I have this simple C program.
#include <stdlib.h>
#include <stdio.h>
#include <stdbool.h>
bool foo (unsigned int a) {
return (a > -2L);
}
bool bar (unsigned long a) {
return (a > -2L);
}
int main() {
printf("foo returned = %d\n", foo(99));
printf("bar returned = %d\n", bar(99));
return 0;
}
Output when I run this -
foo returned = 1
bar returned = 0
Recreated in godbolt here
My question is why does foo(99)
return true but bar(99)
return false.
To me it makes sense that bar
would return false. For simplicity lets say longs are 8 bits, then (using twos complement for signed value):
99 == 0110 0011
-2 == unsigned 254 == 1111 1110
So clearly the CMP instruction will see that 1111 1110 is bigger and return false.
But I dont understand what is going on behind the scenes in the foo
function. The assembly for foo
seems to hardcode to always return mov eax,0x1
. I would have expected foo
to do something similar to bar
. What is going on here?
This is covered in C classes and is specified in the documentation. Here is how you use documents to figure this out.
In the 2018 C standard, you can look up >
or “relational expressions” in the index to see they are discussed on pages 68-69. On page 68, you will find clause 6.5.8, which covers relational operators, including >
. Reading it, paragraph 3 says:
If both of the operands have arithmetic type, the usual arithmetic conversions are performed.
“Usual arithmetic conversions” is listed in the index as defined on page 39. Page 39 has clause 6.3.1.8, “Usual arithmetic conversions.” This clause explains that operands of arithmetic types are converted to a common type, and it gives rules determining the common type. For two integer types of different signedness, such as the unsigned long
and the long int
in bar
(a
and -2L
), it says that, if the unsigned type has rank greater than or equal to the rank of the other type, the signed type is converted to the unsigned type.
“Rank” is not in the index, but you can search the document to find it is discussed in clause 6.3.1.1, where it tells you the rank of long int
is greater than the rank of int
, and the any unsigned type has the same rank as the corresponding type.

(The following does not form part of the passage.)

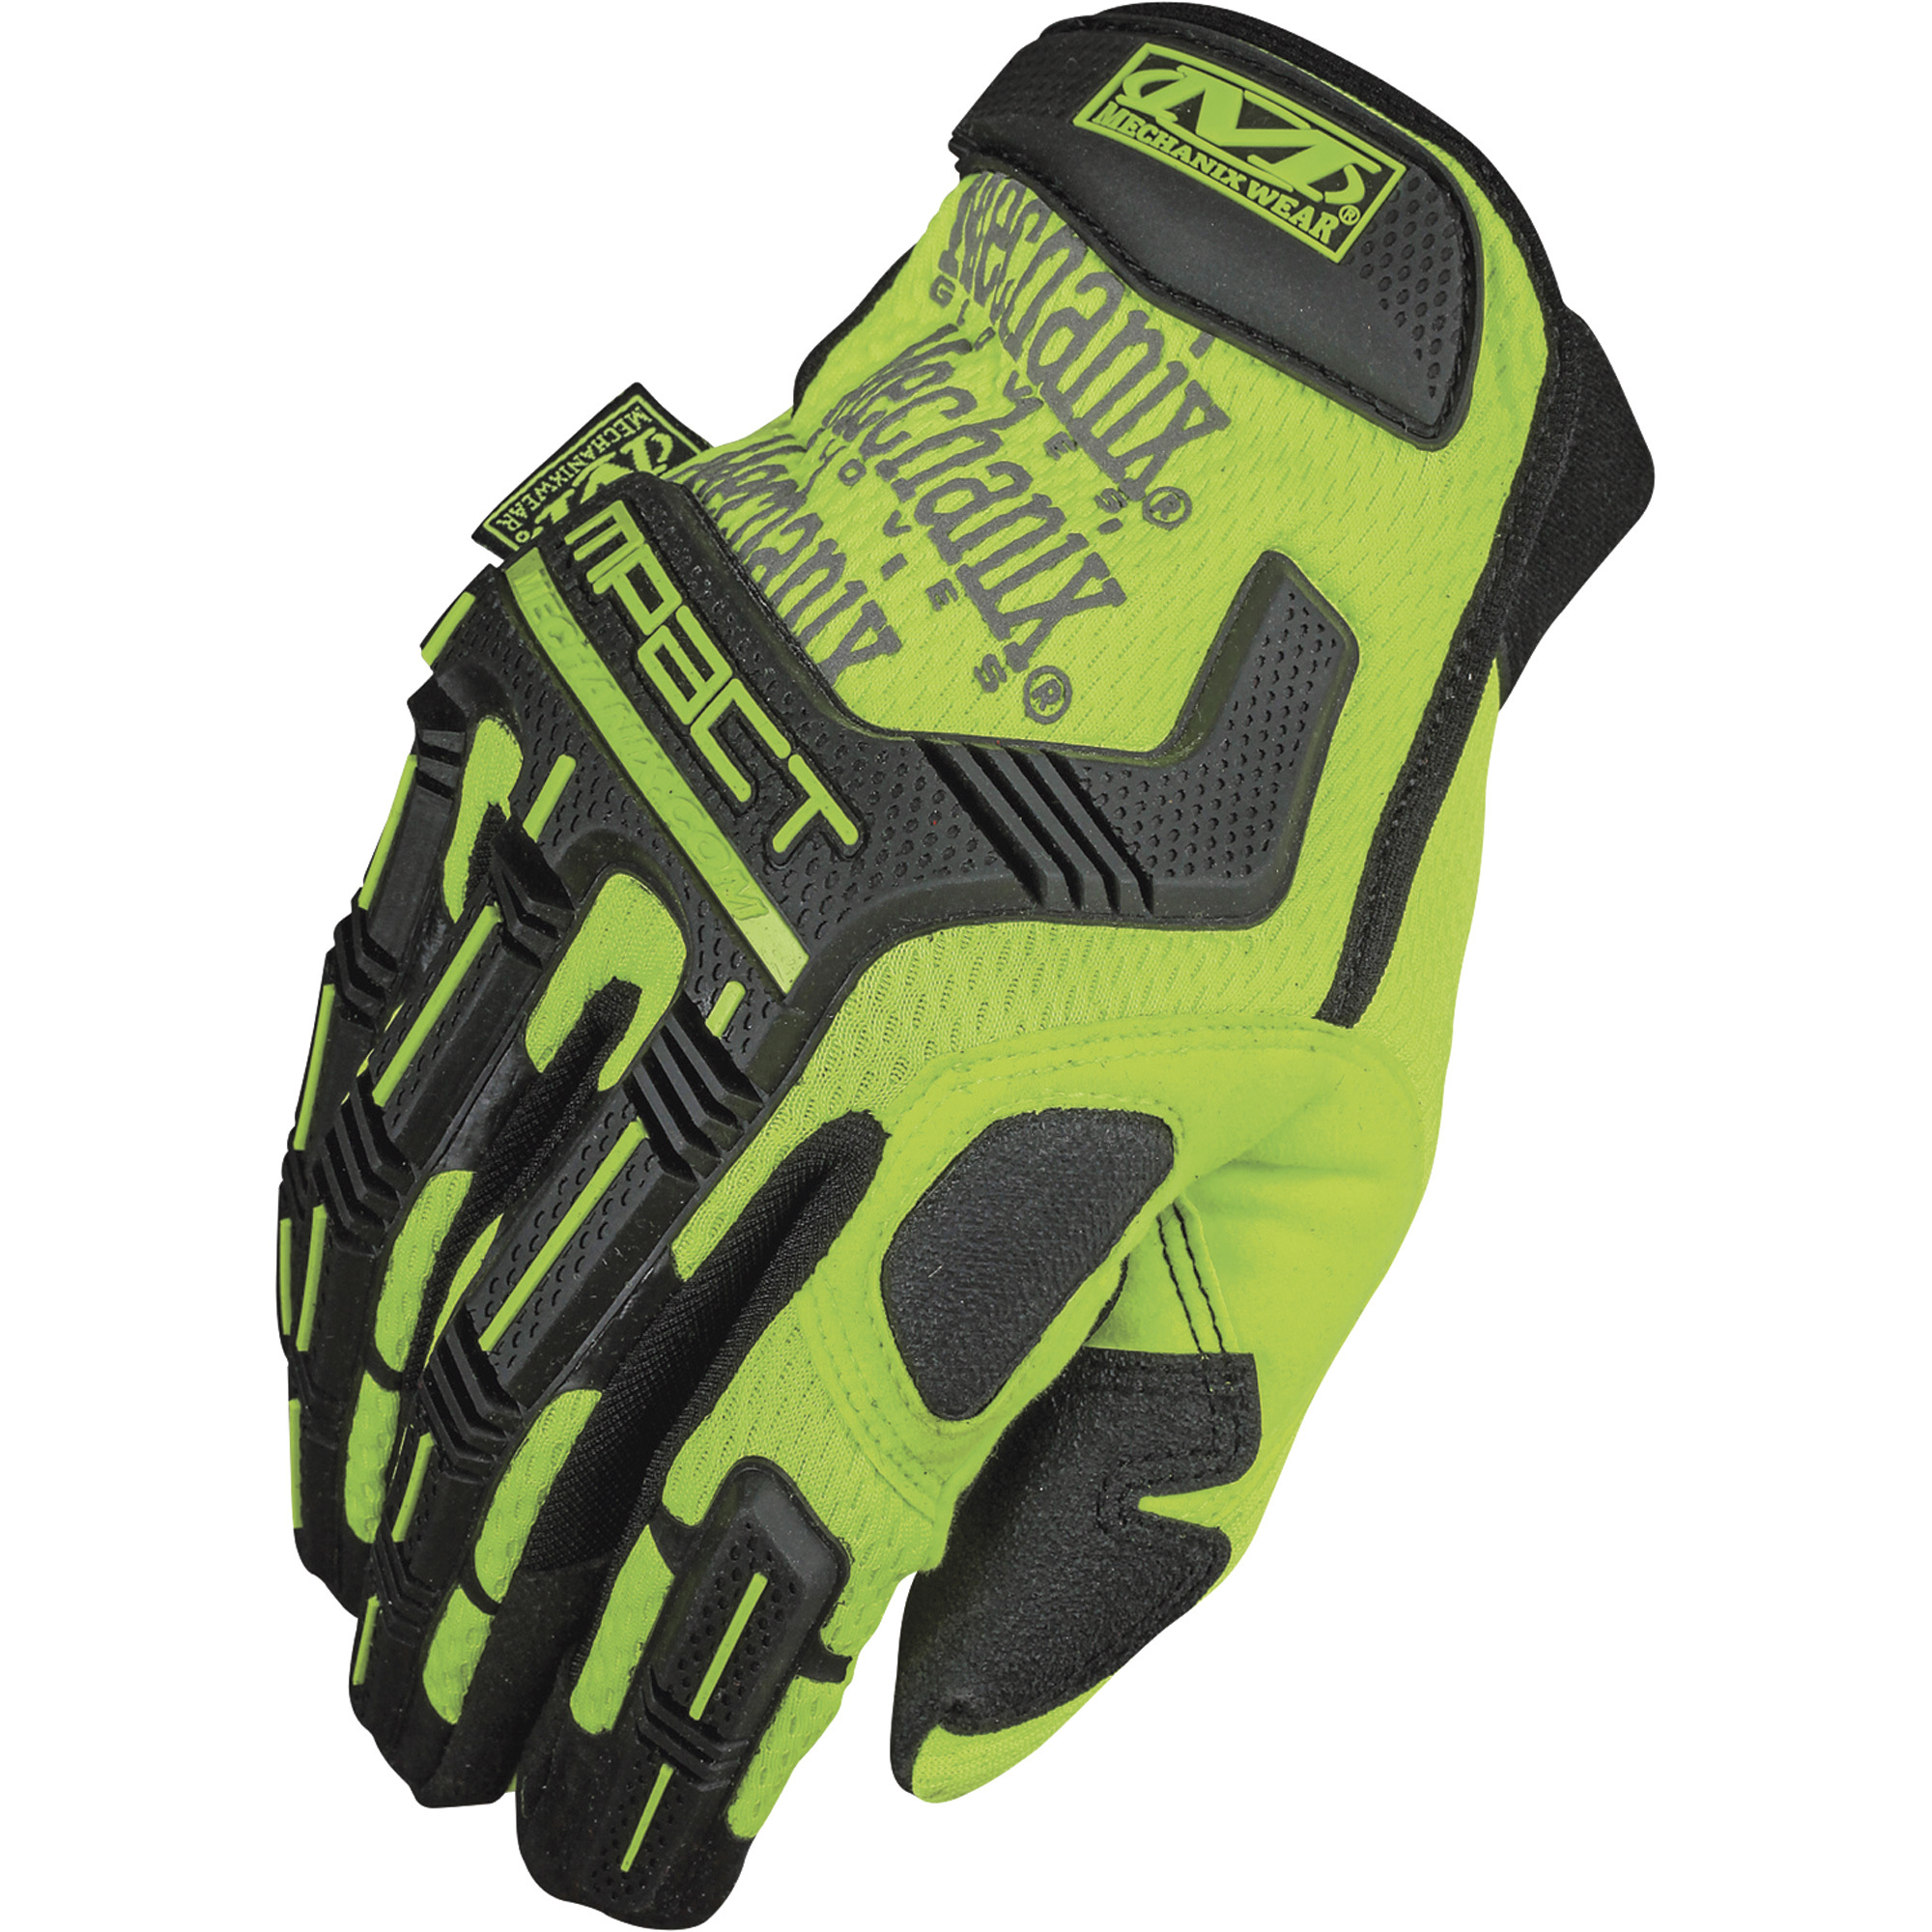 Mechanix Men's Wear Safety M-Pact Gloves - High-Visibility Yellow, Large, Model SMP-91-010

Now you can consider a > -2L
in bar
, where a
is unsigned long
. Here we have an unsigned long
compared with a long
. They have the same rank, so -2L
is converted to unsigned long
. Conversion of a signed integer to unsigned is discussed in clause 6.3.1.3. It says the value is converted by wrapping it modulo ULONG_MAX
+1, so converting the signed long
−2 produces a ULONG_MAX
+1−2 = ULONG_MAX
−1, which is a large integer. Then comparing a
, which has the value 99, to a large integer with >
yields false, so zero is returned.
For foo
, we continue with the rules for the usual arithmetic conversions. When the unsigned type does not have rank greater than or equal to the rank of the signed type, but the signed type can represent all the values of the type of the operand with unsigned type, the operand with the unsigned type is converted to the operand of the signed type. In foo
, a
is unsigned int
and -2L
is long int
. Presumably in your C implementation, long int
is 64 bits, so it can represent all the values of a 32-bit unsigned int
. So this rule applies, and a
is converted to long int
. This does not change the value. So the original value of a
, 99, is compared to −2 with >
, and this yields true, so one is returned.